Fri, Mar 25, 2005 - Page 1 News List

Kyrgyzstan capital paralyzed by protests

HERE WE GO AGAIN In what looked like a re-run of Georgia's ``rose revolution,'' opposition protesters stormed government offices claiming election fraud


Kyrgyz opposition supporters pose for a picture in President Askar Akayev's office in the government compound in the capital of Bishkek, yesterday. Kyrgyz opposition supporters took control of the main government compound in the capital after hundreds of riot police abandoned their posts around the building.


Protesters stormed the presidential compound in Kyrgyzstan on Thursday, seizing control of the main symbol of state power after clashing with riot police surrounding it during a large opposition rally.

About 1,000 protesters managed to clear riot police from their positions outside the fence protecting the building, and about half entered through the front. Others smashed windows with stones, while hundreds of police watched from outside the fence, where thousands more protesters remained. Neither side visibly carried any firearms.

The whereabouts of beleaguered President Askar Akayev were not clear, amid reports that he had left the presidential office and arrived at a Russian airbase outside Bishkek. Kurmanbek Bakiyev, one of two main opposition leaders, was with the protesters at the government building.

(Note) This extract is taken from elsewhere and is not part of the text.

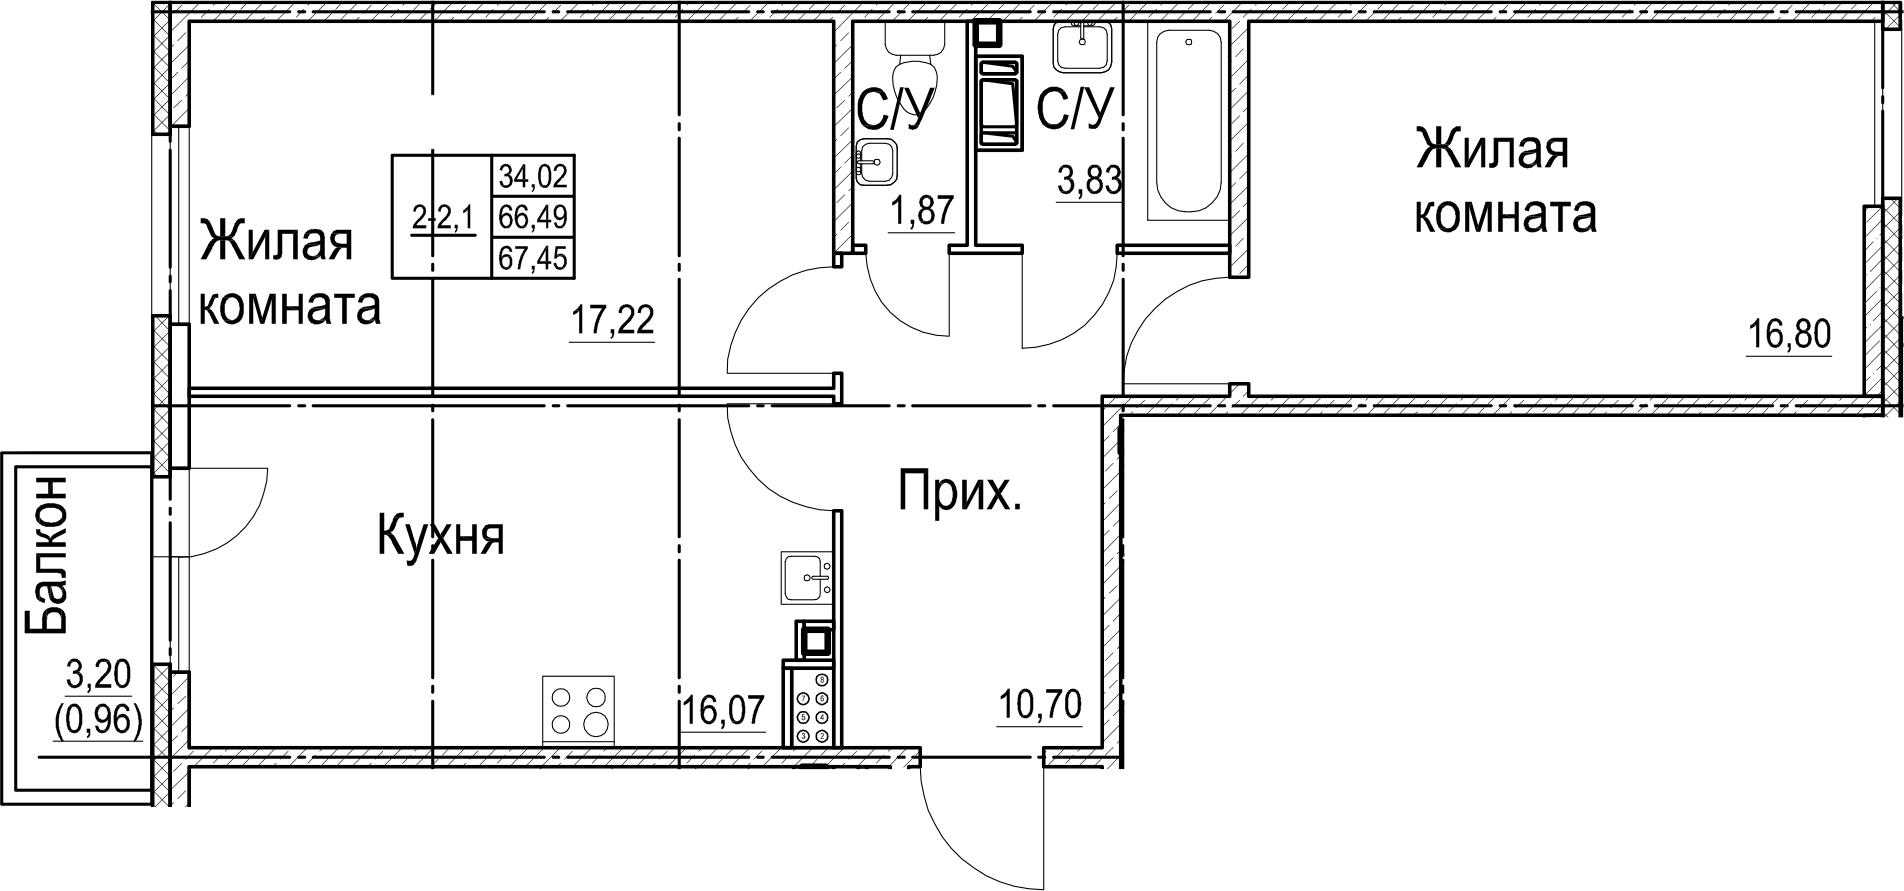 2-к.кв, 67.45 м², 8 этаж
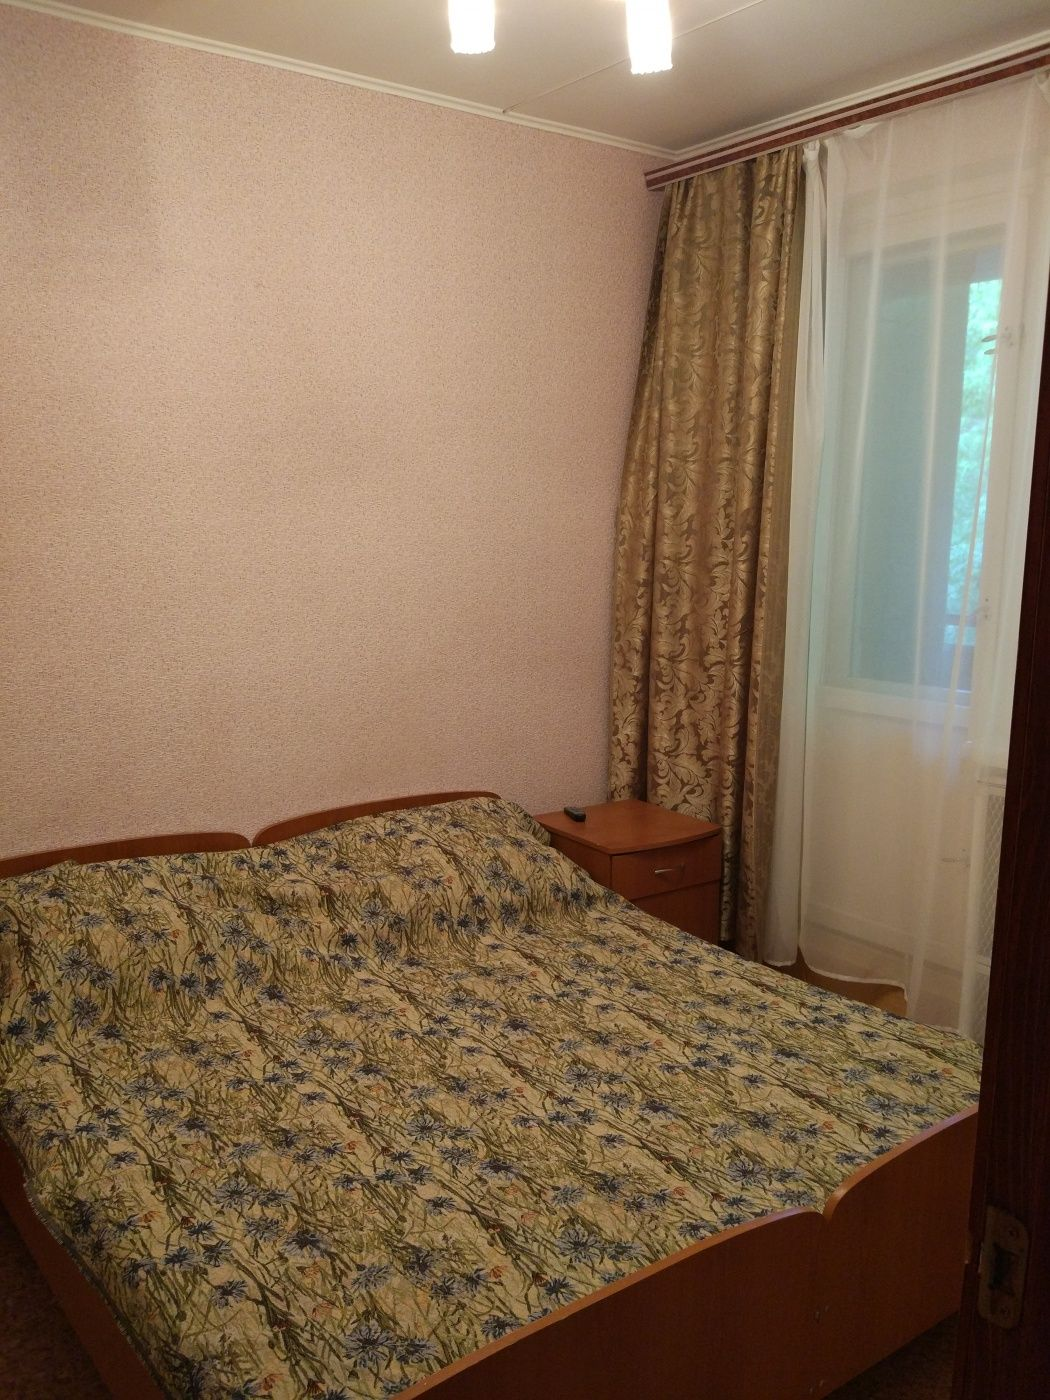 Турбаза «Домостроитель» Саратовская область 1-местный номер без удобств (корпус №1), фото 1

Protesters led the defense minister out of the building, holding him by the elbows and trying to protect him, but others threw stones at the military chief and one protester kicked him. Interior Ministry troops led other officials out, and three injured people, bandages covering their wounds, left accompanied by a doctor.

The tumultuous scene was the culmination of the first major rally in the Kyrgyz capital since opposition supporters seized control of key cities and towns in the south this week to press demands that the long-serving Akayev step down amid widespread allegations of fraud in this year's parliamentary vote.

"I am very happy because for 15 years we've been seeing the same ugly face that has been shamelessly smiling at us," said 35-year-old Abdikasim Kamalov, standing outside the building with legs planted apart, holding a red Kyrgyz flag. "We could no longer tolerate this. We want changes."

Kyrgyzstan lacks the rich energy resources or pipeline routes that have made of some of its Central Asian neighbors the focus of struggles by Russia, the US and China for regional influence. But the former Soviet republic's role as a conduit for drugs and a potential hotbed of Islamic extremism, particularly in the impoverished south, makes it volatile.

Both the US and Russia -- which is part of a six-nation military pact with Kyrgyzstan -- maintain military bases near Bishkek, and Moscow said yesterday it had increased security at its facility.

Akayev's whereabouts were not clear. He was to meet later Thursday with an envoy from the Organization for Security and Cooperation in Europe, which had made overtures to help mediate the crisis.

Many of the demonstrators came from a rally on the outskirts of Bishkek, where protesters roared and clapped when an opposition activist asserted Akayev's foes would soon control the entire country.

"The people of Kyrgyzstan will not let anybody torment them," Bakiyev, who heads the People's Movement, told the crowd at the earlier rally. "We must show persistence and strength, and we will win."